剥ぎ取られたバナー ~ ベトナム戦争終結 50年の日の辺野古

 天気予報は久々に晴れマーク。青い空を見上げると、キラキラと太陽がまぶしい。それでも木蔭は涼しい風が吹き抜ける辺野古の朝。

 参加者一人ひとりが、先週大阪の女性が作成・届けてくれたバッチワークのゼッケンをつけてゲート前に座り込んだ。

30枚の中から私は写真のゼッケンを選んだ。三線(サンシン)を片手に歌う女性が、「何が だいじね!」と問いかける姿を、見事なパッチワークで表している。 

 朝から事件発覚である。メインゲートの正面に貼られていた英文のバナーが、両サイドの切れ端だけを残して切り取られていた。ここには下の写真にある英文のバナーが掲げられていた。
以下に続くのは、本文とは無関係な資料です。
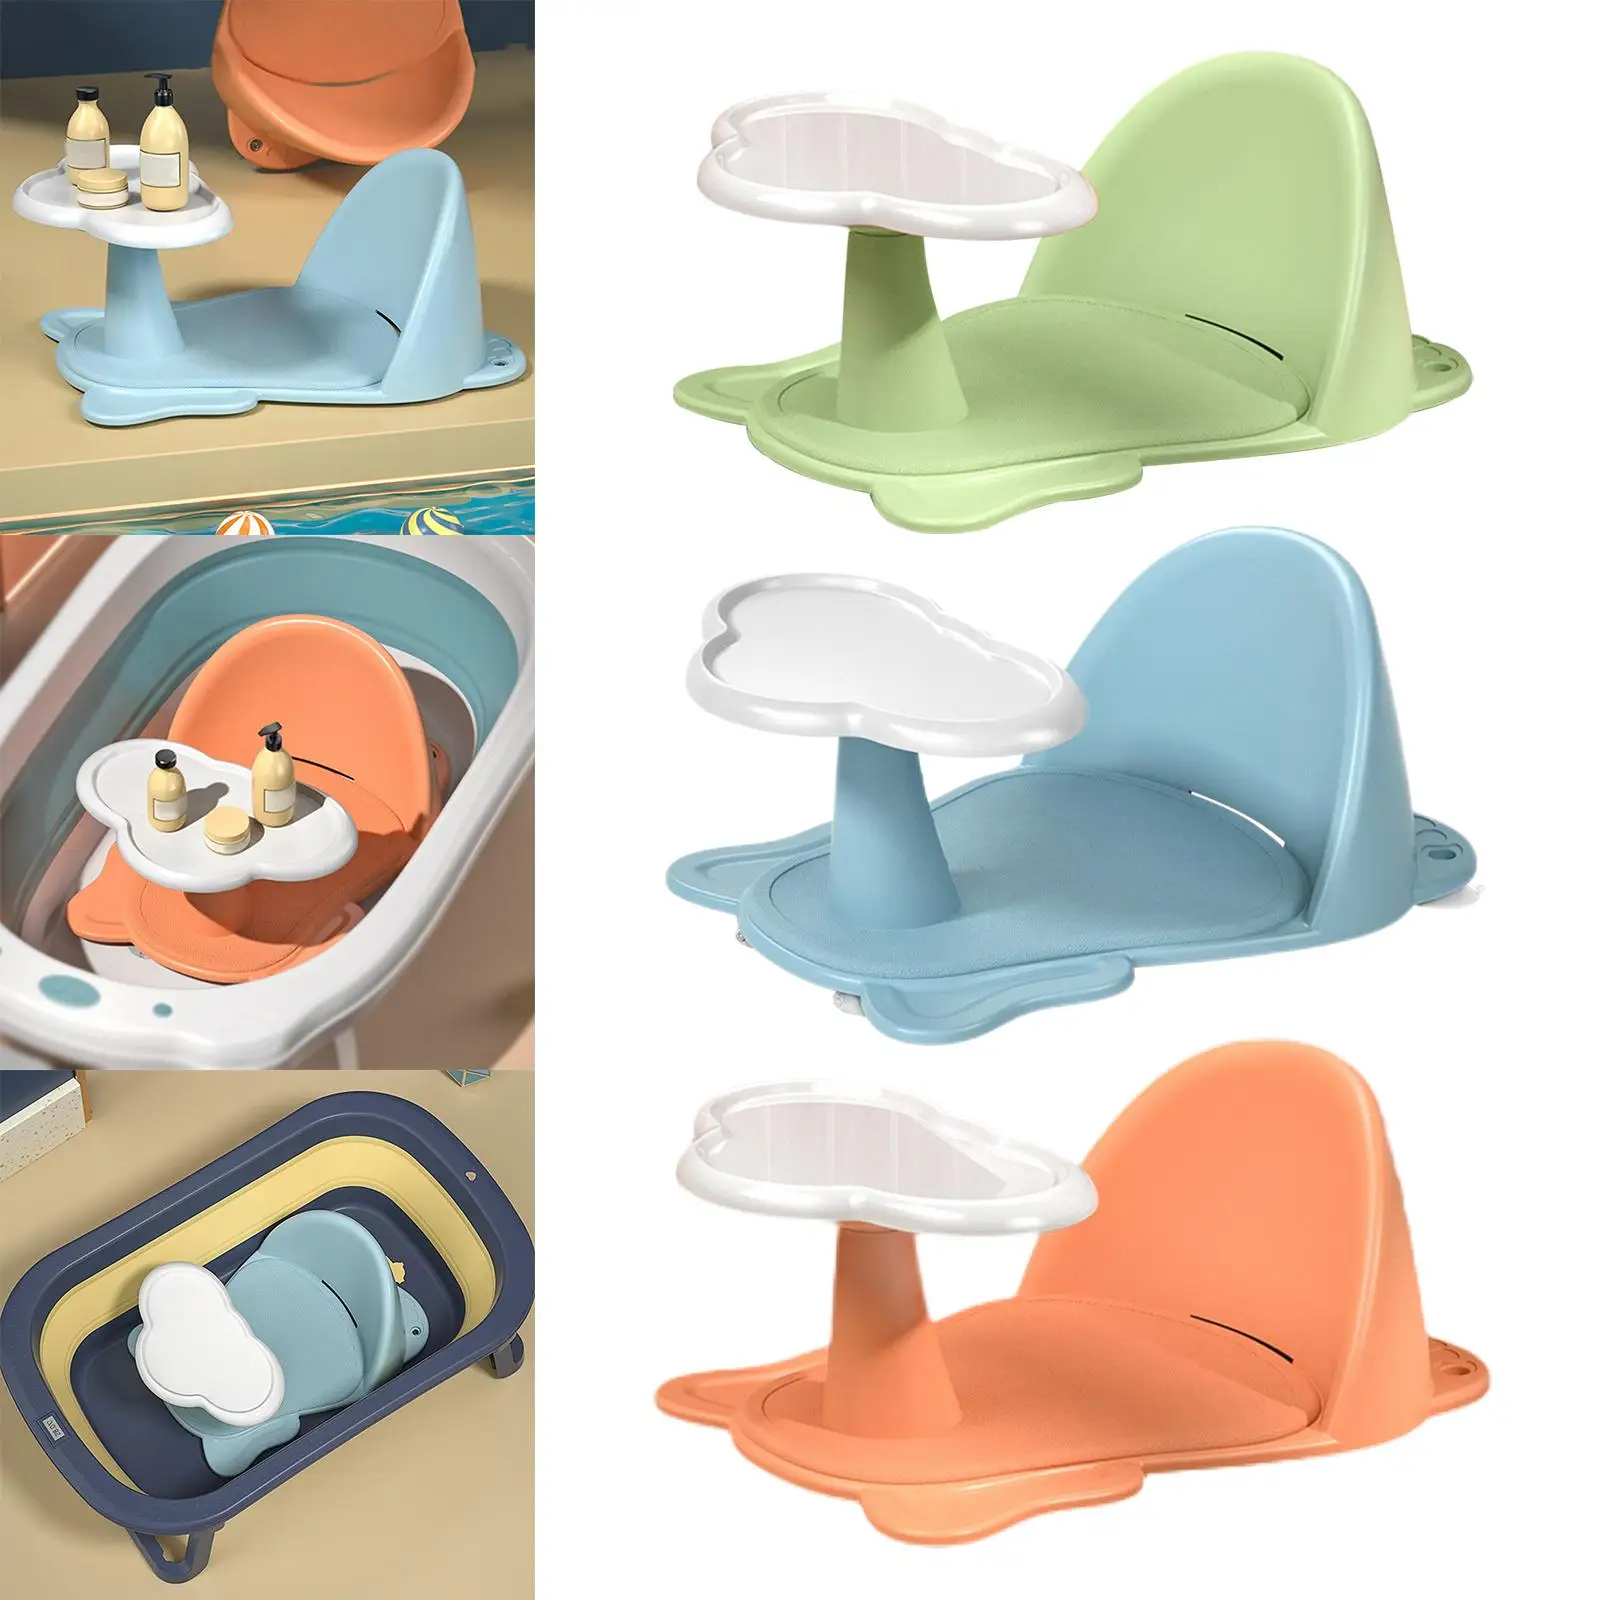 Cute Shape Baby Bathtub Seat Shower Seat Non Slip Steering Wheel Design Bath Tub Seat Bath Seat Support for Newborn 6-18 Months

 このバナーの真正面に、キャンプ・シュワブのメインゲートがある。

 ゴールデンウィークが始まり、皆さんいろいろあるのであろう。水曜日にしてはいつもより少なめで、1回目の座り込み。 

 50年前の1975年のこの日(4月30日)がベトナム戦争終結の日だったことが話題に。80年前の沖縄戦ではひどい目にあった沖縄だが、ベトナム戦争では、嘉手納基地が米軍のベトナムへの出撃基地となり、ベトナムの人達からは「悪魔の島」と呼ばれた。沖縄は、米国のベトナム侵略に加担した加害の側だったことを忘れてはいけない。

 いままた、米国に追随してアジアのどこかの国を敵視し、戦争を仕掛けようとしている日本。決して同じ過ちを繰り返えしてはならない。

 当時、昆布の土地闘争の中で歌われた歌がある。「一坪たりとも渡すまい」その中にベトナムと繋がる沖縄が登場する。

一、東シナ海前に見て わしらが生きた 土地がある    

  この土地こそはわしらの命 祖先ゆずりの 宝もの  

二、わしらは もうはや だまされぬ  老いた固き 手のひらは 

  野良の仕事の傷のあと 一坪たりとも 渡すまい

三、黒い殺人機畿〃が今日も ベトナムの友を 撃ちにゆく 

  世界を結ぶこの空を 再びいくさで けがすまい

                       ※黒い殺人機⇒B52 爆撃機

 

 

 

 

 

 一回目の座り込みを終えテントに戻ると、乗客のいない一台のタクシーがテント前に横付けし、2リットルペットボトルの飲み物一ケースと、お菓子ひと箱を置いて行った。毎月一回定期的に届けられているとのこと。走り去るタクシーに思わず帽子をとって頭を下げた。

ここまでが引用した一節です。